I'd always validate the data on the server side, regardless of how much
DHTML validation there were. Particularly in a public site, you never know
when someone is going to try and mung things up to hack you, or just
disrupt things. I run across lots of sites though, which use JavaScript
not just to validate the form, but to submit it as well. This is just
plain stoooopid. I've written a couple forms which use javascript to
validate/submit, but the plain CGI submit is there too.

> OTH - HTML is not an application language.  It's a markup language that
> has a lot of other limitations.  For example, folks want the power of a
> GUI (i.e., focus controls, mouse-overs, etc.) with the ease of
> deployment that comes with using a web browser.  HTML cannot do it --
> Netscape knew this way back in 1996 and hence they created javascript.

That goes to the root of the problem. The WWW was never intended, as
originally specified, to be an application platform. Couple that with
browser wars and you get a mess.

> The biggest problem with javascript is that (ironically) Netscape did
> not immediately submit it to W3C for validation (8 years ago!).   Had
> they not acted like a monopolist (90% of browsers were NS then) and had
> javacript become a standard 6 years ago (instead of 2 years ago), we web
> developers would not have suffered through the pain of trying to use it.
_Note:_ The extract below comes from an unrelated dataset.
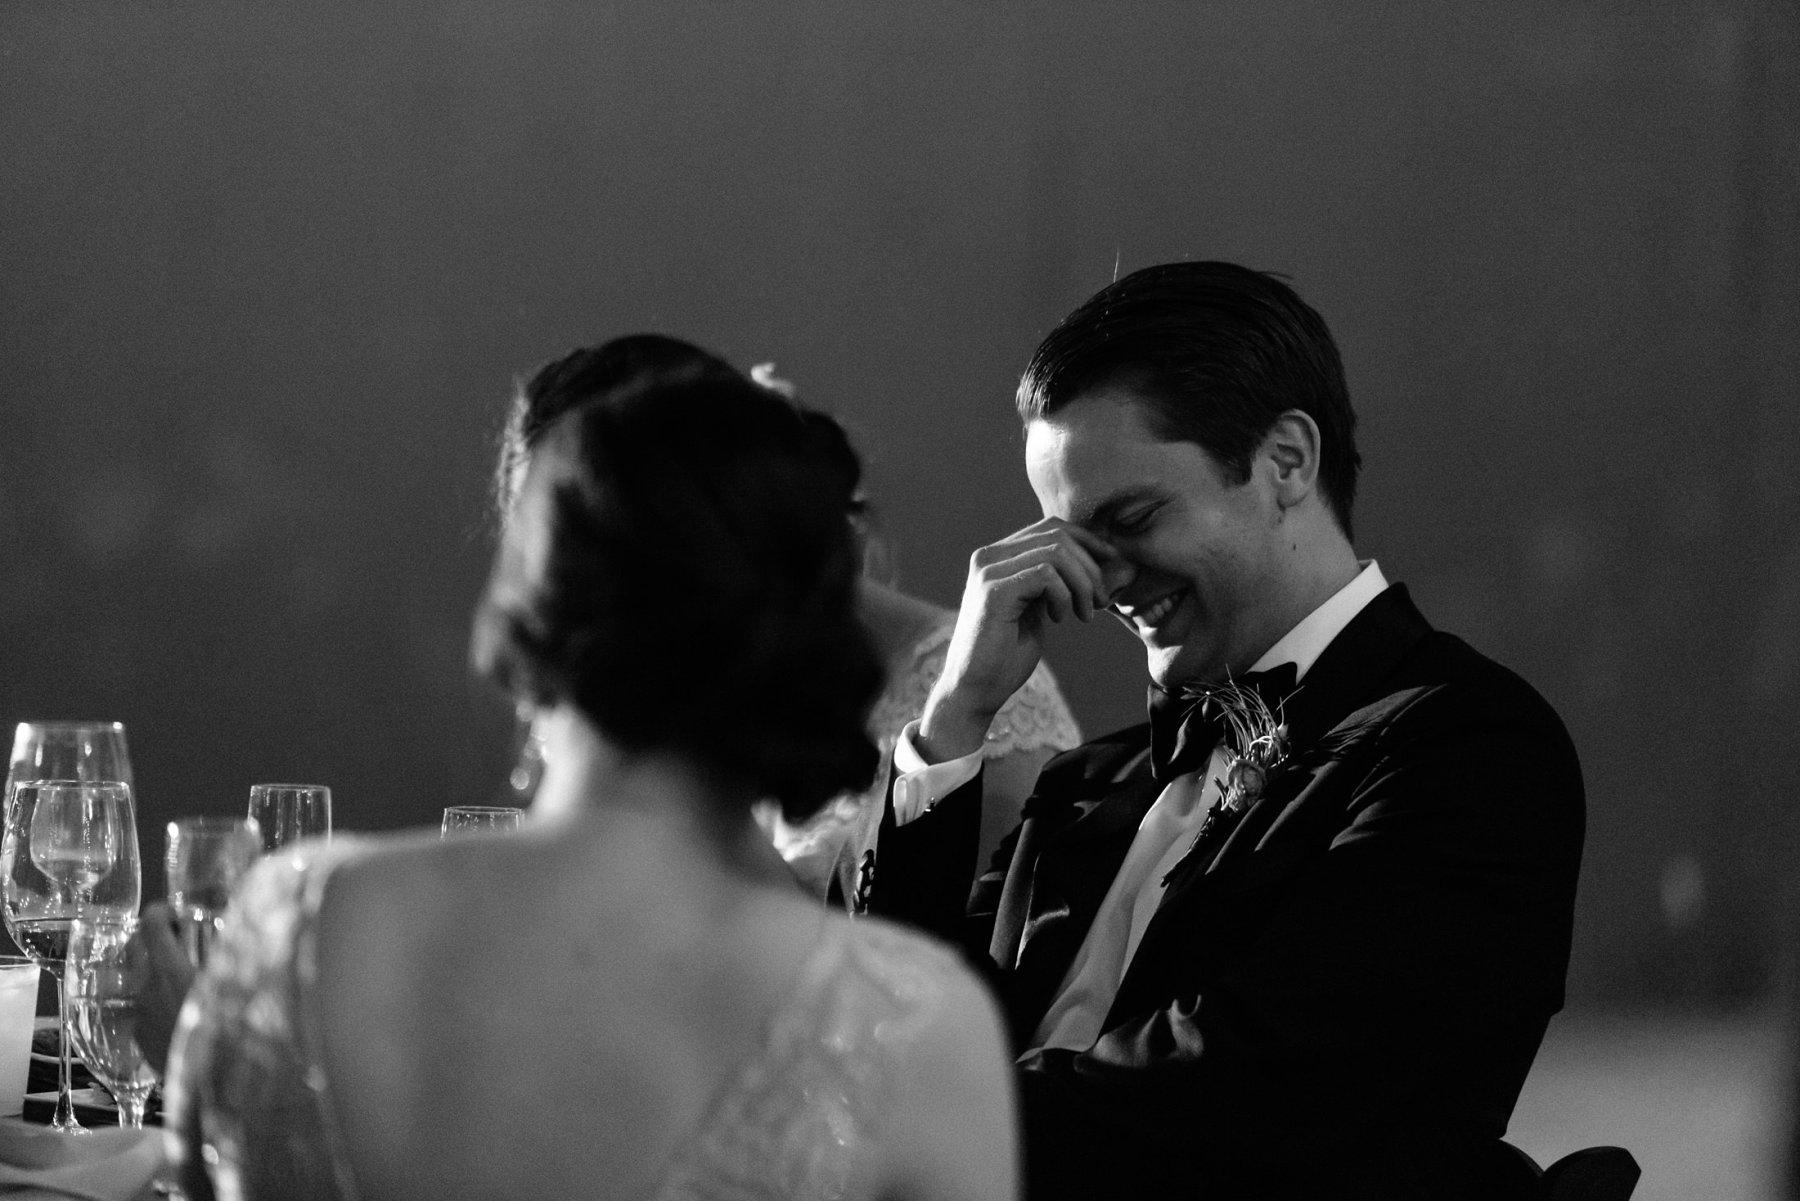 Arizona documentary candid wedding photographer

No I don't think so. The biggest problems are the ones I've mentioned. The
bad uses far outweigh the good. A fully standards-compliant, consistent
DOM/JavaScript model wouldn't prevent popunder ads.
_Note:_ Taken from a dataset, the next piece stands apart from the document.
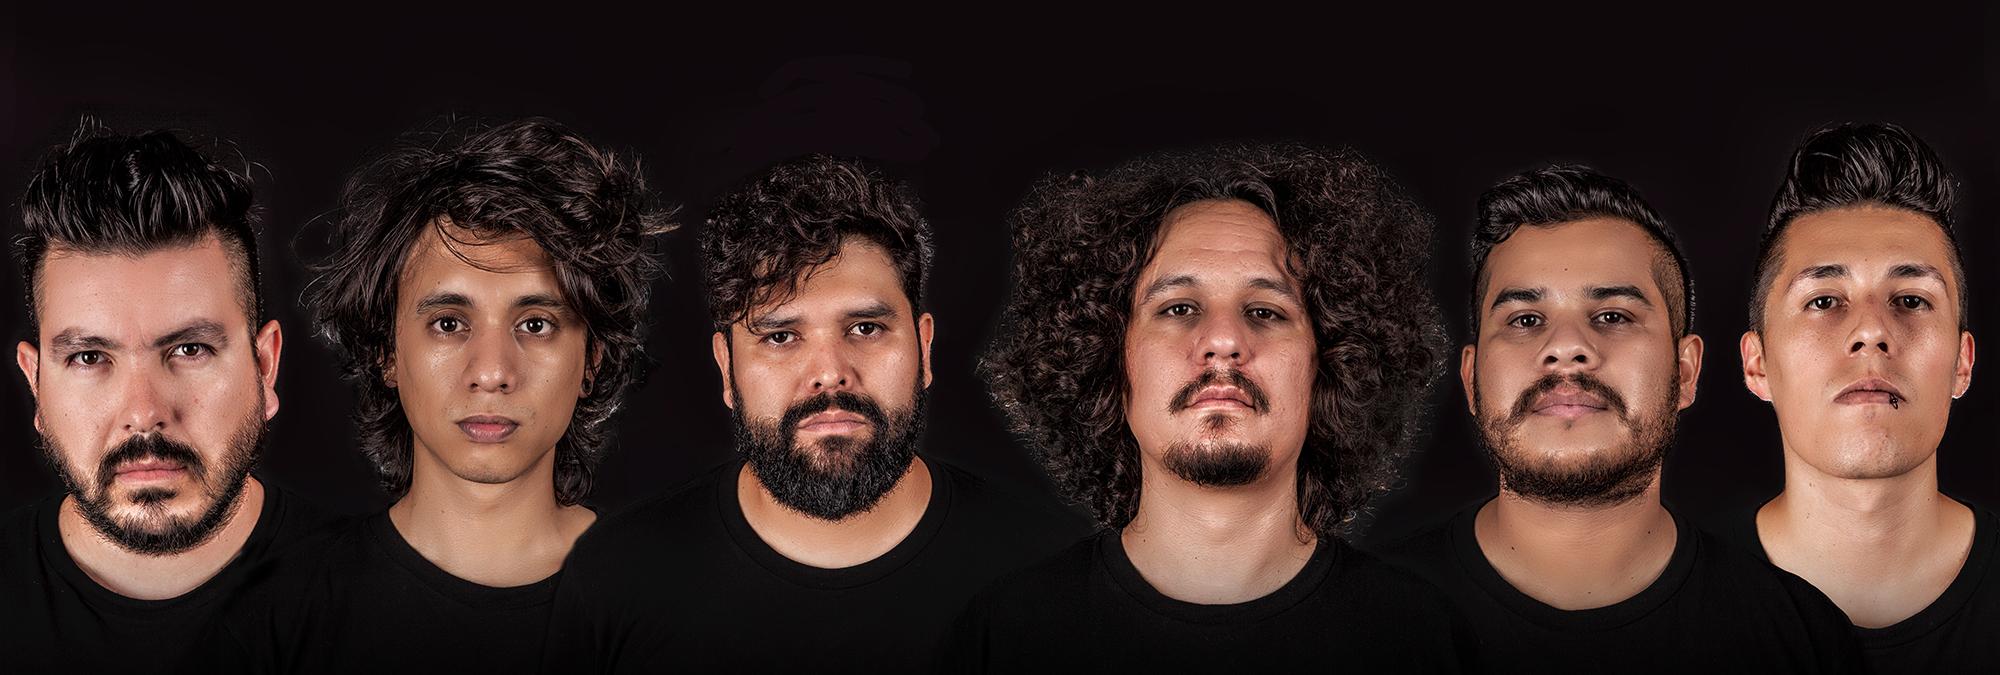 troker-heads-photocredit-calavera-estudio

> I guess the alternative is to write rich Java GUIs that are 'network
> aware', but run outside of the browser.  But why loose all of the
> features that come with a browser just to get some decent client-side
> application controls?
> 
> Another alternative is Java applets, but those were introduced 2 years
> before folks were ready to use them.  In 1997, I actually used an Oracle
> Forms utility that generated 3 MB applets from a single Oracle Form. 
> Oracle thought this was an acceptable way to 'web-enable' the Oracle
> Forms environment.  Sheesh.

Heh. I played with those, briefly. Their new implementation is much
cleaner, as I understand it. They were starting to look at it at Pinnacol
just before I left. I didn't get to play with it though. But, on the
corporate backbone, downloading the applet once and then reusing it
multiple times isn't terrible. No worse than using SSM to push updates
down to the client machines. Bandwidth is bandwidth. The new
implemenation, BTW, is a Java meta form-engine. I'd actually like to see
how it compares, from a network point of view, with running applications
in a citrix metaframe.

> > So, there's my little rant for the evening. Hope you enjoyed it as
> > much as I did! ;-)
> 
> I did.  Javascript is such a hot-button topic.  Almost as good as
> discussing the Convicted Monopolist (tm).

Who have, actually, a more feature-rich DOM than Netscape. I don't recall
that dvx article you pointed to mentioning Mozilla's DOM. I wonder how
long it will be before all the writers, etc., who are stuck on the
"Netscape 4" comparison shtick get around to catching up. Somewhere else,
somebody mentioned the AOL rollout - I suppose that's what it will take.
(Yes, I know some writers are Mozilla aware, but I still see way too many
NS4 references.)

I'm with Nielsen on this (IIRC). If you're site is non-functional without
scripting or flash, you've made a big mistake. (Well, OK, there are some
sites whose sole purpose is presenting that sort of content - but that's
an exception to the sort of public information type site which started
this whole thing.) You'd think a disablilty site would be keenly aware of
erecting "barriers to entry", even if they're virtual.